これまで「続 エクセルの計算ワークシートをRubyでC言語に変換してみよう」や「エクセルの計算ワークシートをRuby計算スクリプトに変換してみよう」で、エクセルの表計算シートを他の言語のプログラムに変換する、なんていうことをしてきました。ここで想定している「エクセルの表計算シート」というのは、「エクセルで作った離散化シミュレーション用.xlsシート」を主眼に置いています。つまり、何らかの方程式を差分化し、エクセルシート上でその差分化された空間を表現し、反復収束計算ことで求めたい結果を得る、そんなためのエクセルシートを主眼に置いています。

 ところで、そんな風にエクセルシートを使うときには、セルに名前をつけたくなります。たとえば、真空の透磁率をA1セルに入れたら、そのセルを"A1"セルでなく、"eps"なんていう名前で参照したくなります。そこで、たとえばこんな風にセルに名前をつけます。すると、そのセルの値を、"A1"というようにも参照できるのに加えて、"eps"なんていう名前でもアクセスすることができるようになります。そうすれば、他のセルでは"=eps*4"なんていう風に数式を入力することができるわけです(参考ビデオ)。

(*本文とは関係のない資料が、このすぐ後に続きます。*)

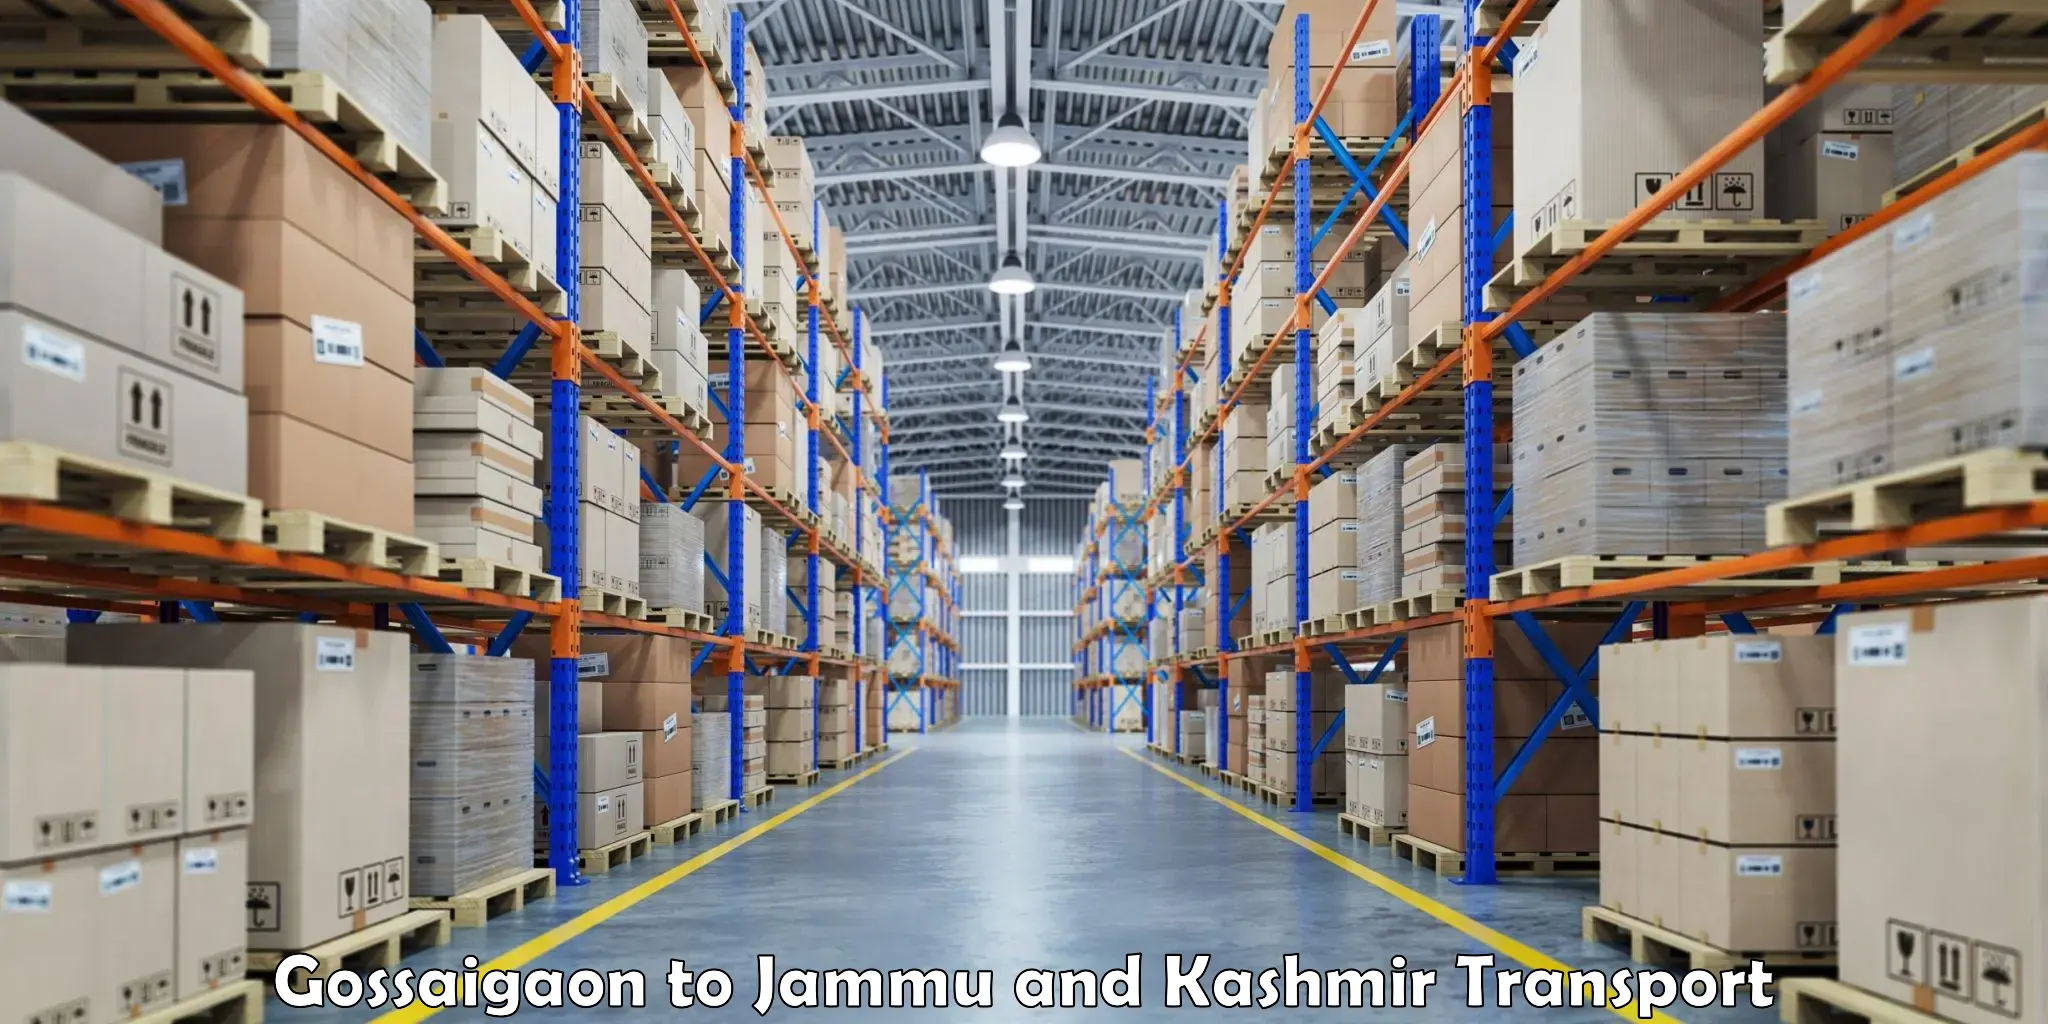 Commercial transport service Gossaigaon to Baramulla

 そこで、今回は名前付きセルを使ったエクセルのワークシート(簡単のために、一枚目のシートだけを使ったエクセルブックを前提にしています)をC++言語プログラムに変換するRubyスクリプトを書いてみました。変換用のRubyスクリプトや、名前付きセルを使った(ラプラス方程式を解く)エクセルシートや、エクセルシートから変換・作成されたC++言語ソースファイルは、ここに置いておきました。このサンプルのエクセルファイルでは、中心のセルの値を変化させるために入れるセルに"centerVal"という名前を付けています。そのため、変換されたC++ソースには、

  C3=centerVal;
といった記述が現われています。エクセルでは、「名前」はセルにではなくブックの直下で管理されているので、Ruby変換スクリプトでは、
names={}
book.names.each do |name|
  cell=$1.gsub('$','') if /!([^!]+)$/=~name.RefersTo
  names[cell]=name.name
end
といったようなコードにしてあります。

 名前付きセルを使ったエクセルシートを使い物理定数や中間変数などをわかりやすく表現した上で、離散化シミュレーションをシート上の「いかにもわかりやすく「差分化された空間で」実感した後に、(その自分自身が作ったスプレッド・シートを元に)変数の名前が(少なくともA1とかD4とかいう名前よりは)わかりやすいシミュレーションプログラムが自動生成されるとしたら、つまり、自分自身がスプレッド・シート上で作ったものが、C++言語の(もちろん他の言語でも)プログラム・ソースとして眺めることができるとしたら、…これって結構面白いと思いません?